WHAT IS CAPITAL STOCK
Capital stock is an accounting term that refers to the number of shares authorized for issue by the charter of a corporation. This includes common stock shares and preferred stock shares. On the corporate balance sheet ,capital stock is the initial capital investment in a company. This investment stays on the balance sheet at the original price paid and does not change unless there is a new investment. Capital stock is not relevant when considering the actual market price of a stock or the market value of a company. The process for listing a corporation’s shares on an exchange includes issuing the capital stock and then offering it to the public.

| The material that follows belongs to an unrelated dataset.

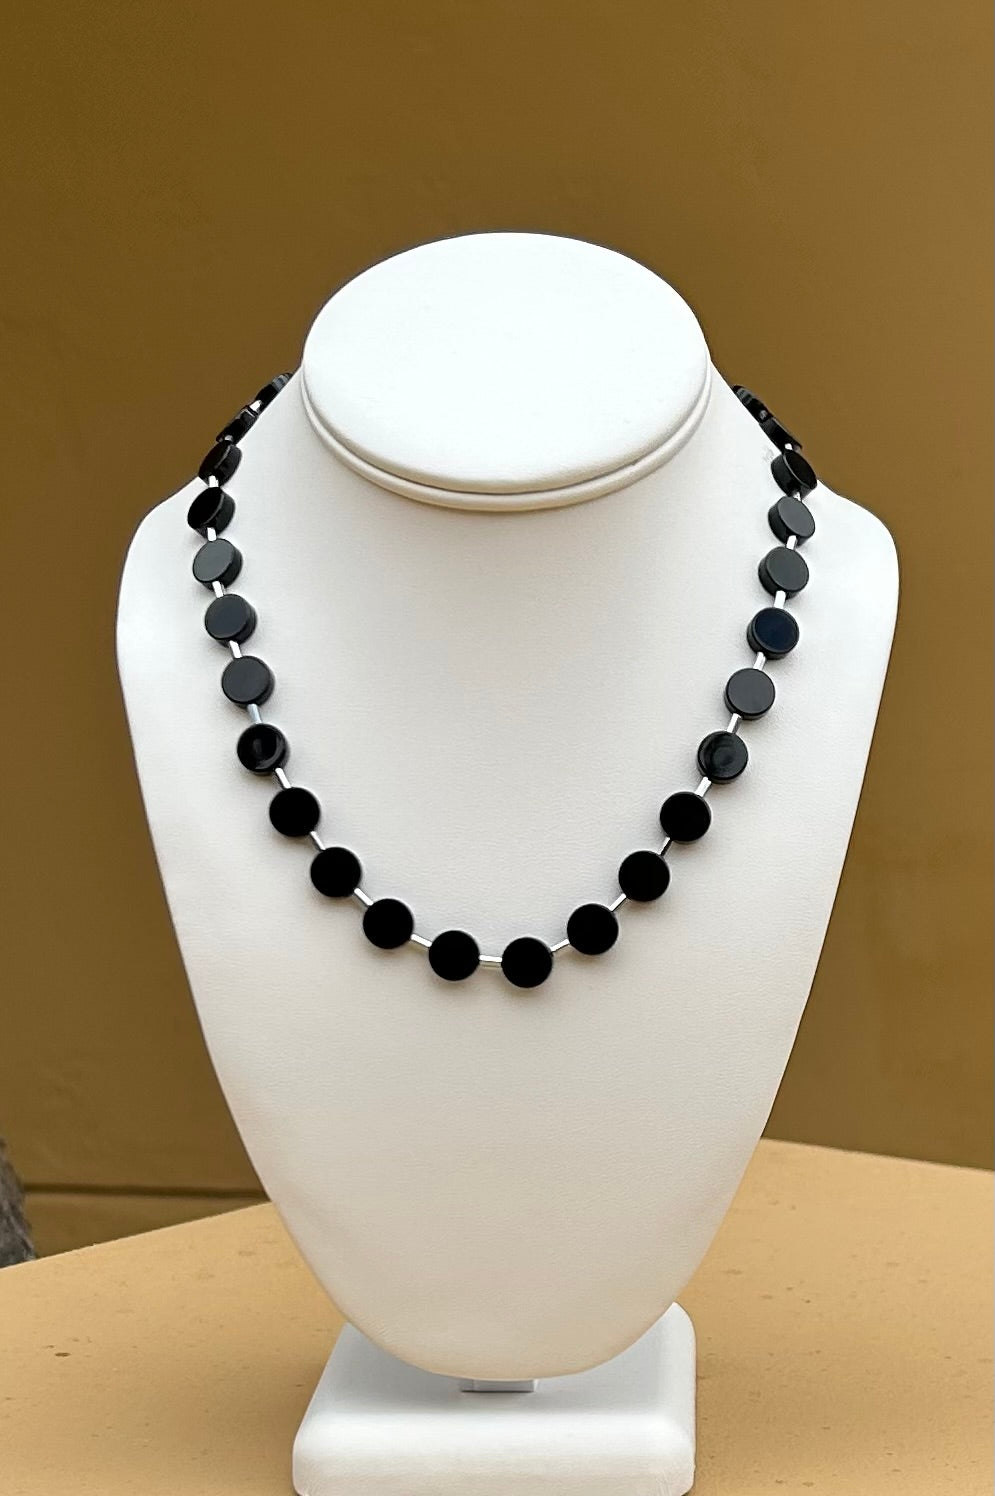 Necklace - Coin shaped only with silver hematite spacers

For financial accounting purposes capital stock is an asset in the corporate charter, and contributions to capital stock are included in charter amendments. In financial statement analysis, increasing levels of capital stock signals economic strength. This is because the corporation can use the additional funds to invest and create more profits.
HOW TO CALCULATE CAPITAL STOCK
To calculate the capital stock of a corporation you need several financial statements, including the Balance Sheet, Statement of Stockholders’ Equity, and the Income Statement.
- Balance Sheet: From the B/S you need the assets and liabilities of the company
- Income Statement: From the I/S you need the revenues and expenses of the company
- Statement of Stockholders’ Equity: From the SE/S you need the dividends paid out to the company’s shareholders.
Once you have all this information you can calculate a company’s capital stock. Here is the basic formula:
Capital Stock = (change in equity) – (Net Income – dividends paid)
Lets use the following example to illustrate. Suppose a company has the following financial data:
Beginning of year Assets: $1,000,000
Beginning of year Liabilities: $600,000
End of year Assets: $1,500,000
End of year Liabilities: $500,000
Subtract Beg. Liabilities from Beg. Assets à $1,000,000 - $600,000 = $400,000
Subtract End. Liabilities from End. Assets à $1,500,000 - $500,000 = $1,000,000
The difference is the change in Owner’s Equity = $1,000,000 - $400,000 = $600,000
Then calculate the Net Income by subtracting the Revenues from the Expensesà
$450,000 - $150,000 = $300,000
Next subtract the Dividends from Net Income: $300,000 - $100,000 = $200,000
This $200,000 figure represents the increase in the company’s equity.
To calculate the change in capital stock, you simply use the bold numbers listed above. Since the company increased their equity this year by $200,000, but the Owner’s Equity account actually changed by $600,000, there must have been some capital stock issued. In this case, the change in capital stock during the year was:
$600,000 - $200,000 = $400,000.
Simply take this additional capital stock issued and add it to the existing capital stock, and you have your new figure.